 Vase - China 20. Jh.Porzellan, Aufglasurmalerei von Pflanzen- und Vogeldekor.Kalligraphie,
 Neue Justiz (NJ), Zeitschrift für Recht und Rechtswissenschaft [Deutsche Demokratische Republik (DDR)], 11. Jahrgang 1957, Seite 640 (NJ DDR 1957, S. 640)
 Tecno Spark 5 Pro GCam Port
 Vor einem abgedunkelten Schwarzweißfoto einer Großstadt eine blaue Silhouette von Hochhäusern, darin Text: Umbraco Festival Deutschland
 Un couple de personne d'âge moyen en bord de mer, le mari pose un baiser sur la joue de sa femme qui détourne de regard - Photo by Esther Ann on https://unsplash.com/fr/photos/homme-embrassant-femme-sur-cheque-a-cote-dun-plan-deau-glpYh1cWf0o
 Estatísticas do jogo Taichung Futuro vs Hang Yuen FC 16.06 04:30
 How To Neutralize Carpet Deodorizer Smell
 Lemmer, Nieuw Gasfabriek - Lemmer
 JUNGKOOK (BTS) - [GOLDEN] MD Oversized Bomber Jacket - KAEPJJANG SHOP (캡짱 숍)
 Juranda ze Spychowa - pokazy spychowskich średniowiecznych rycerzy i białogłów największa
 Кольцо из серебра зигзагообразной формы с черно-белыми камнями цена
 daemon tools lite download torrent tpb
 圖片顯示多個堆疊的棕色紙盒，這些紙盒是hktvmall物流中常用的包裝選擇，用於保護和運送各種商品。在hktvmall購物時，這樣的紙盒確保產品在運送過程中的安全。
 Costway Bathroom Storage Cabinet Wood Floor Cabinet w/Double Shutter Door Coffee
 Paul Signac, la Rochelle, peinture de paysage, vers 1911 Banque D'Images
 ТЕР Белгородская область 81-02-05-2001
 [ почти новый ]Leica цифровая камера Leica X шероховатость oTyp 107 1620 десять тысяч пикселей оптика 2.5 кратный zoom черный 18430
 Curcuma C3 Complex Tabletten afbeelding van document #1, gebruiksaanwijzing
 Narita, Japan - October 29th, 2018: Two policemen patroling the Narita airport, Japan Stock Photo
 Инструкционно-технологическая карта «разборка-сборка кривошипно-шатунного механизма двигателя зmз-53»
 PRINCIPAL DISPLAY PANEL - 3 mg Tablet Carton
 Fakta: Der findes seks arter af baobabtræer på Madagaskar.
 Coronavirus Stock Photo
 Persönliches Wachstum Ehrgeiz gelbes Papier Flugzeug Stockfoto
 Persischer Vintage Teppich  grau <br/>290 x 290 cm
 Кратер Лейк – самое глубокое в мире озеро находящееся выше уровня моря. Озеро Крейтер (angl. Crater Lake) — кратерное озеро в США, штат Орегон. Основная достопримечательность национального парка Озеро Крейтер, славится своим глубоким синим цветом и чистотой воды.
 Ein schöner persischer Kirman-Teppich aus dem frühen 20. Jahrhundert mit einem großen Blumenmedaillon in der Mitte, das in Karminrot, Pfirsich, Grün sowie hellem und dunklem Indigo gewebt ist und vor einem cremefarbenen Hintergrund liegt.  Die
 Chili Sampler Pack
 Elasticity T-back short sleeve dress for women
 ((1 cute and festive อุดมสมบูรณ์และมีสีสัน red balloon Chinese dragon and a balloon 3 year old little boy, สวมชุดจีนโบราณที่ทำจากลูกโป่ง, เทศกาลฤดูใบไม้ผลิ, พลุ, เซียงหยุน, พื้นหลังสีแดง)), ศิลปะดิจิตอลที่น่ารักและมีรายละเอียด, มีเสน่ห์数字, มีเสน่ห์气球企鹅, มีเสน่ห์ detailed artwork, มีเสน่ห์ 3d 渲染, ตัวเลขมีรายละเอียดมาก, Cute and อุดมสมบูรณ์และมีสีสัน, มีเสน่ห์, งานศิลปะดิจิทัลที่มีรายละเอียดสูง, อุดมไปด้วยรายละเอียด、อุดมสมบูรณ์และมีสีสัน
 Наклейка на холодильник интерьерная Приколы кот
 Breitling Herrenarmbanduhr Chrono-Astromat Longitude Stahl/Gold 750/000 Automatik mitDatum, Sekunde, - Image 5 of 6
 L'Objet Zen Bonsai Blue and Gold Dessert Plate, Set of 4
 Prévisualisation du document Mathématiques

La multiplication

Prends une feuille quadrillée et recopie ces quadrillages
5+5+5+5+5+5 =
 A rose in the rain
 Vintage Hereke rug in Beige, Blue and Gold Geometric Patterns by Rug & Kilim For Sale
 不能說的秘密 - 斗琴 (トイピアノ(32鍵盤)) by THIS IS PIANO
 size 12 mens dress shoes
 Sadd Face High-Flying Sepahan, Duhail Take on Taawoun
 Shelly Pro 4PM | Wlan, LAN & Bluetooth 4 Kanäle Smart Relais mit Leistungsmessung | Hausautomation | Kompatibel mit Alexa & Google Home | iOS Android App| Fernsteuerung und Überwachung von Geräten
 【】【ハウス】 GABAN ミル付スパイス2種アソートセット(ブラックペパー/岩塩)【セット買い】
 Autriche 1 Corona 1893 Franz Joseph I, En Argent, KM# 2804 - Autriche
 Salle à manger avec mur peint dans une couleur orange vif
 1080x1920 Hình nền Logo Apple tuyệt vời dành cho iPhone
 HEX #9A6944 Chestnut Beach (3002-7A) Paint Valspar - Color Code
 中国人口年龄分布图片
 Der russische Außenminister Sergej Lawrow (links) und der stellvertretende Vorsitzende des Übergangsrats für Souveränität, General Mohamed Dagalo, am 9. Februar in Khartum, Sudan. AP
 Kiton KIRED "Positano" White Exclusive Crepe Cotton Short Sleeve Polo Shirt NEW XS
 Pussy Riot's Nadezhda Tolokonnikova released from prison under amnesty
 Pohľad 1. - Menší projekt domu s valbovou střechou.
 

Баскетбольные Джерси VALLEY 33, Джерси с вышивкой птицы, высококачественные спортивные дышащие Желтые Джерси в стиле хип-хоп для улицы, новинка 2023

> _EXERCISE DESCRIPTION_:
Your task is to set down all of the entries exactly as they appear.

> _TASK OUTPUT_:
 Vase - China 20. Jh.Porzellan, Aufglasurmalerei von Pflanzen- und Vogeldekor.Kalligraphie,
 Neue Justiz (NJ), Zeitschrift für Recht und Rechtswissenschaft [Deutsche Demokratische Republik (DDR)], 11. Jahrgang 1957, Seite 640 (NJ DDR 1957, S. 640)
 Tecno Spark 5 Pro GCam Port
 Vor einem abgedunkelten Schwarzweißfoto einer Großstadt eine blaue Silhouette von Hochhäusern, darin Text: Umbraco Festival Deutschland
 Un couple de personne d'âge moyen en bord de mer, le mari pose un baiser sur la joue de sa femme qui détourne de regard - Photo by Esther Ann on https://unsplash.com/fr/photos/homme-embrassant-femme-sur-cheque-a-cote-dun-plan-deau-glpYh1cWf0o
 Estatísticas do jogo Taichung Futuro vs Hang Yuen FC 16.06 04:30
 How To Neutralize Carpet Deodorizer Smell
 Lemmer, Nieuw Gasfabriek - Lemmer
 JUNGKOOK (BTS) - [GOLDEN] MD Oversized Bomber Jacket - KAEPJJANG SHOP (캡짱 숍)
 Juranda ze Spychowa - pokazy spychowskich średniowiecznych rycerzy i białogłów największa
 Кольцо из серебра зигзагообразной формы с черно-белыми камнями цена
 daemon tools lite download torrent tpb
 圖片顯示多個堆疊的棕色紙盒，這些紙盒是hktvmall物流中常用的包裝選擇，用於保護和運送各種商品。在hktvmall購物時，這樣的紙盒確保產品在運送過程中的安全。
 Costway Bathroom Storage Cabinet Wood Floor Cabinet w/Double Shutter Door Coffee
 Paul Signac, la Rochelle, peinture de paysage, vers 1911 Banque D'Images
 ТЕР Белгородская область 81-02-05-2001
 [ почти новый ]Leica цифровая камера Leica X шероховатость oTyp 107 1620 десять тысяч пикселей оптика 2.5 кратный zoom черный 18430
 Curcuma C3 Complex Tabletten afbeelding van document #1, gebruiksaanwijzing
 Narita, Japan - October 29th, 2018: Two policemen patroling the Narita airport, Japan Stock Photo
 Инструкционно-технологическая карта «разборка-сборка кривошипно-шатунного механизма двигателя зmз-53»
 PRINCIPAL DISPLAY PANEL - 3 mg Tablet Carton
 Fakta: Der findes seks arter af baobabtræer på Madagaskar.
 Coronavirus Stock Photo
 Persönliches Wachstum Ehrgeiz gelbes Papier Flugzeug Stockfoto
 Persischer Vintage Teppich  grau <br/>290 x 290 cm
 Кратер Лейк – самое глубокое в мире озеро находящееся выше уровня моря. Озеро Крейтер (angl. Crater Lake) — кратерное озеро в США, штат Орегон. Основная достопримечательность национального парка Озеро Крейтер, славится своим глубоким синим цветом и чистотой воды.
 Ein schöner persischer Kirman-Teppich aus dem frühen 20. Jahrhundert mit einem großen Blumenmedaillon in der Mitte, das in Karminrot, Pfirsich, Grün sowie hellem und dunklem Indigo gewebt ist und vor einem cremefarbenen Hintergrund liegt.  Die
 Chili Sampler Pack
 Elasticity T-back short sleeve dress for women
 ((1 cute and festive อุดมสมบูรณ์และมีสีสัน red balloon Chinese dragon and a balloon 3 year old little boy, สวมชุดจีนโบราณที่ทำจากลูกโป่ง, เทศกาลฤดูใบไม้ผลิ, พลุ, เซียงหยุน, พื้นหลังสีแดง)), ศิลปะดิจิตอลที่น่ารักและมีรายละเอียด, มีเสน่ห์数字, มีเสน่ห์气球企鹅, มีเสน่ห์ detailed artwork, มีเสน่ห์ 3d 渲染, ตัวเลขมีรายละเอียดมาก, Cute and อุดมสมบูรณ์และมีสีสัน, มีเสน่ห์, งานศิลปะดิจิทัลที่มีรายละเอียดสูง, อุดมไปด้วยรายละเอียด、อุดมสมบูรณ์และมีสีสัน
 Наклейка на холодильник интерьерная Приколы кот
 Breitling Herrenarmbanduhr Chrono-Astromat Longitude Stahl/Gold 750/000 Automatik mitDatum, Sekunde, - Image 5 of 6
 L'Objet Zen Bonsai Blue and Gold Dessert Plate, Set of 4
 Prévisualisation du document Mathématiques

La multiplication

Prends une feuille quadrillée et recopie ces quadrillages
5+5+5+5+5+5 =
 A rose in the rain
 Vintage Hereke rug in Beige, Blue and Gold Geometric Patterns by Rug & Kilim For Sale
 不能說的秘密 - 斗琴 (トイピアノ(32鍵盤)) by THIS IS PIANO
 size 12 mens dress shoes
 Sadd Face High-Flying Sepahan, Duhail Take on Taawoun
 Shelly Pro 4PM | Wlan, LAN & Bluetooth 4 Kanäle Smart Relais mit Leistungsmessung | Hausautomation | Kompatibel mit Alexa & Google Home | iOS Android App| Fernsteuerung und Überwachung von Geräten
 【】【ハウス】 GABAN ミル付スパイス2種アソートセット(ブラックペパー/岩塩)【セット買い】
 Autriche 1 Corona 1893 Franz Joseph I, En Argent, KM# 2804 - Autriche
 Salle à manger avec mur peint dans une couleur orange vif
 1080x1920 Hình nền Logo Apple tuyệt vời dành cho iPhone
 HEX #9A6944 Chestnut Beach (3002-7A) Paint Valspar - Color Code
 中国人口年龄分布图片
 Der russische Außenminister Sergej Lawrow (links) und der stellvertretende Vorsitzende des Übergangsrats für Souveränität, General Mohamed Dagalo, am 9. Februar in Khartum, Sudan. AP
 Kiton KIRED "Positano" White Exclusive Crepe Cotton Short Sleeve Polo Shirt NEW XS
 Pussy Riot's Nadezhda Tolokonnikova released from prison under amnesty
 Pohľad 1. - Menší projekt domu s valbovou střechou.
 

Баскетбольные Джерси VALLEY 33, Джерси с вышивкой птицы, высококачественные спортивные дышащие Желтые Джерси в стиле хип-хоп для улицы, новинка 2023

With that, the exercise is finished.